:: WORK TO COMPLETE ::
All pictures are to be excluded when the data below is output verbatim.

:: DATA EXCERPT ::
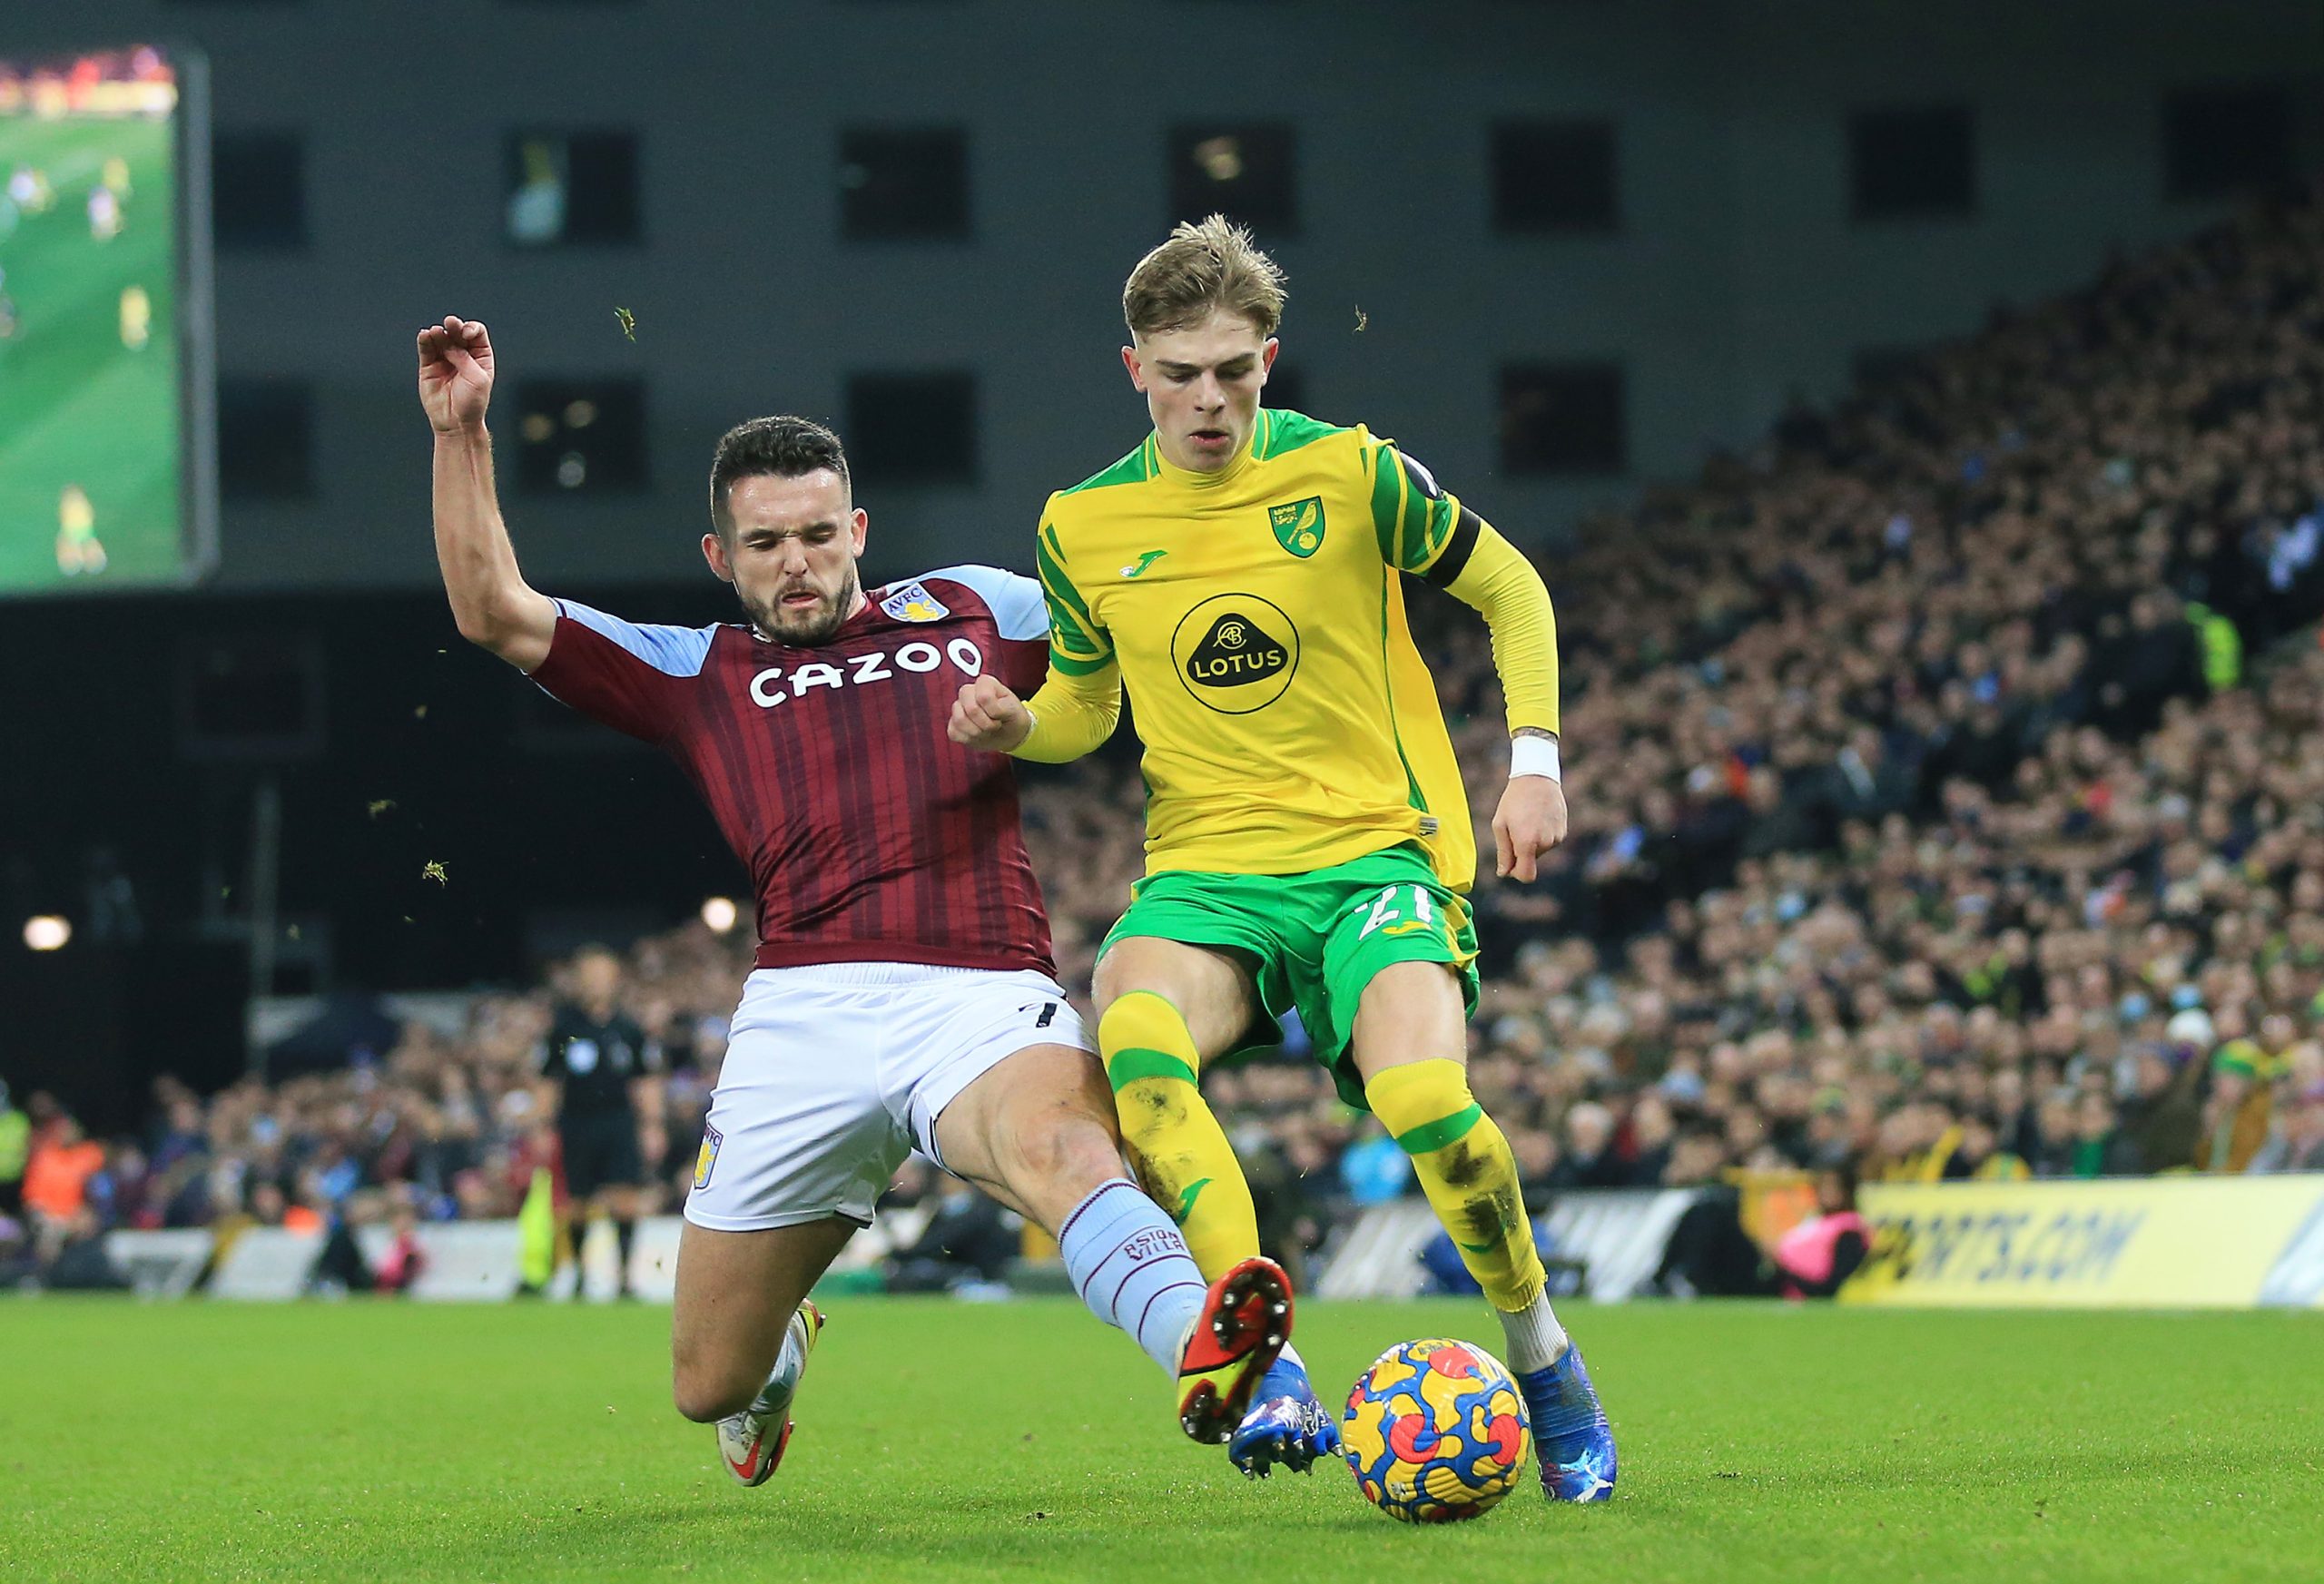 NORWICH, ENGLAND - DECEMBER 14: Brandon Williams of Norwich City is challenged by John McGinn of Aston Villa during the Premier League match between Norwich City and Aston Villa at Carrow Road on December 14, 2021 in Norwich, England. (Photo by Stephen Pond/Getty Images)
The 4th Official uses images provided by the following image agency:
Getty Images (https://www.gettyimages.de/)
Imago Images (https://www.imago-images.de/)

:: PROBLEM SOLUTION ::
 NORWICH, ENGLAND - DECEMBER 14: Brandon Williams of Norwich City is challenged by John McGinn of Aston Villa during the Premier League match between Norwich City and Aston Villa at Carrow Road on December 14, 2021 in Norwich, England. (Photo by Stephen Pond/Getty Images)
The 4th Official uses images provided by the following image agency:
Getty Images (https://www.gettyimages.de/)
Imago Images (https://www.imago-images.de/)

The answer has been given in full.